The model, though, was a California clean water law adopted the same year as the fire and the destructive Santa Barbara oil spill. The federal Clean Water Act has essentially the same goal as California’s Porter-Cologne Water Quality Control Act: to regulate the discharge of pollutants in order to safeguard the nation’s water supply for drinking, swimming and good health for human beings and the environment.

Progress has been unmistakable. It’s no longer possible for industry to legally dump solvents, chemicals and other waste into rivers and lakes and expect the rest of us to bear the cost in the form of poisonous waterways and cleanups. Rivers no longer catch fire. Harbors once again have fish, because the streams that feed them no longer bring untreated municipal waste or chemicals like PCBs. Many once-toxic streams are again swimmable.

But not all. In California and much of the West, less ample and therefore slower moving water, together with hotter temperatures, have increased the growth of blue-green algae, also known as cyanobacteria. These can release toxins and make sloughs and ponds poisonous to people who fish in or drink from them.

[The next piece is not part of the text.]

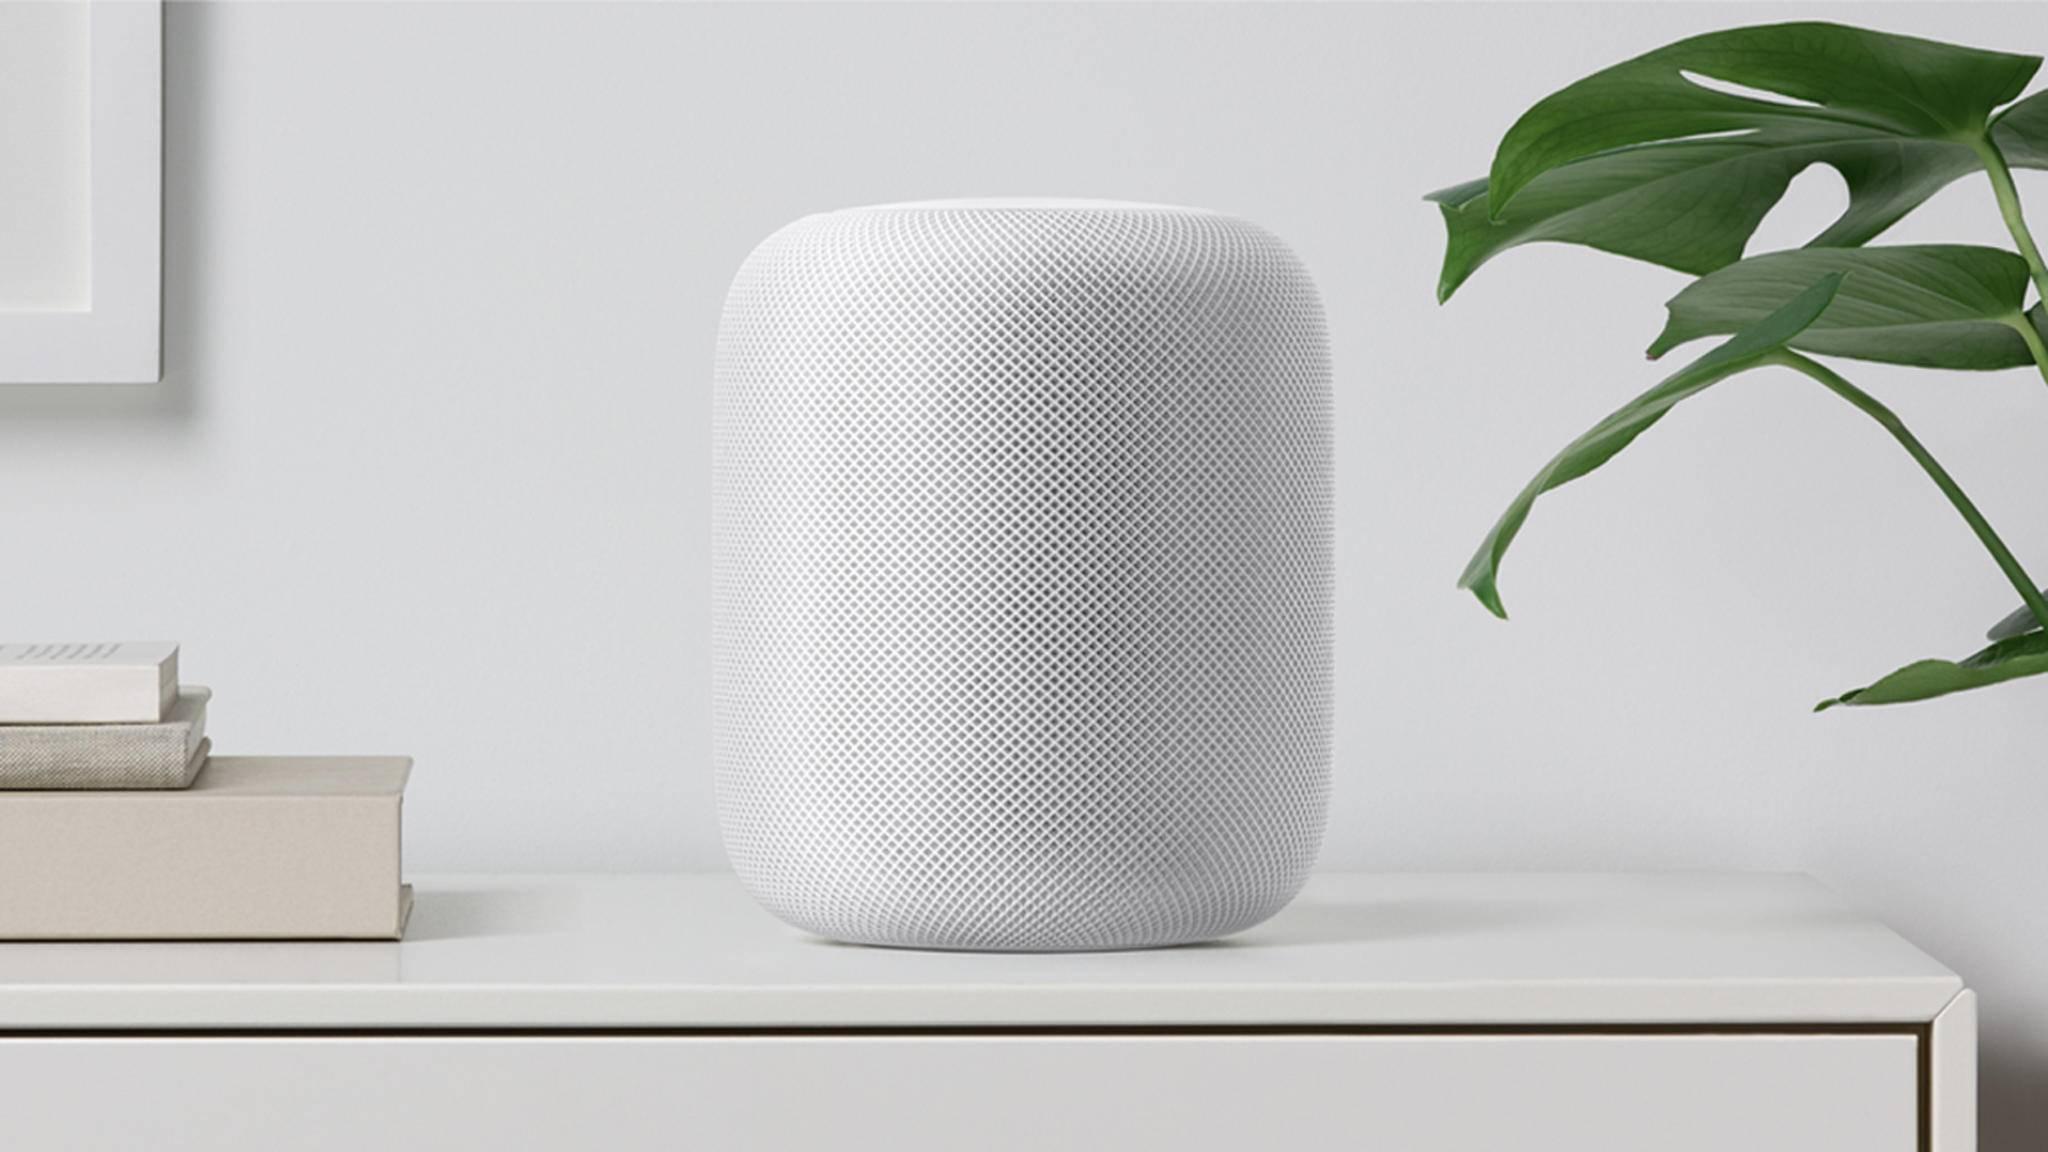 Der Apple HomePod startet am 18. Juni in Deutschland in den Verkauf.

There is also a continuing assault from industry and its supporters in the political world. Former President Trump, for example, signed an executive order eliminating an Obama-era rule that makes clear that the act applies to western waterways that feed wetlands and major bodies of water during the rainy season but go dry in summer and fall. The act means little if it does not protect most of California, just because the hydrology here is different than in the wetter eastern part of the country.

Earlier this month, the U.S. Supreme Court heard a case that could jeopardize the act, at least to the extent that it protects sensitive wetlands. In Sackett vs. Environmental Protection Agency, owners of a plot of seasonal wetland in Idaho argue that the act applies only to the water in a wetland and not to the adjacent land from which the runoff comes. The court’s conservative majority may well agree, although questioning from the justices suggests that they may be skeptical of the plaintiffs’ interpretation.

Even if the court accepts the broader view of the Clean Water Act’s scope, the 50-year-old law should now be seen as only a starting point for necessary protection of the nation’s water. Things have changed in the last half-century, and water laws have to be updated to take into account climate change and the challenges of agricultural runoff. They have to take into account our deeper knowledge of the actual connections between all bodies of water, whether on the surface or underground, seasonal or year-round.

It took a long time for Americans to appreciate the damage they were doing to their water. The Cuyahoga caught fire repeatedly as far back as 1868. California’s rivers were devastated by hydraulic mining in a quest for gold and other minerals; there were few objections at the time. Pollution was widely seen as a sign of American civilization subduing a wild continent and putting it to use in the service of human wealth and progress. And besides, there was always another pond or stream to be used for drinking water.

But now we know more about the costs of environmental destruction. We can’t wait another 50 years before updating our laws to protect our water supply.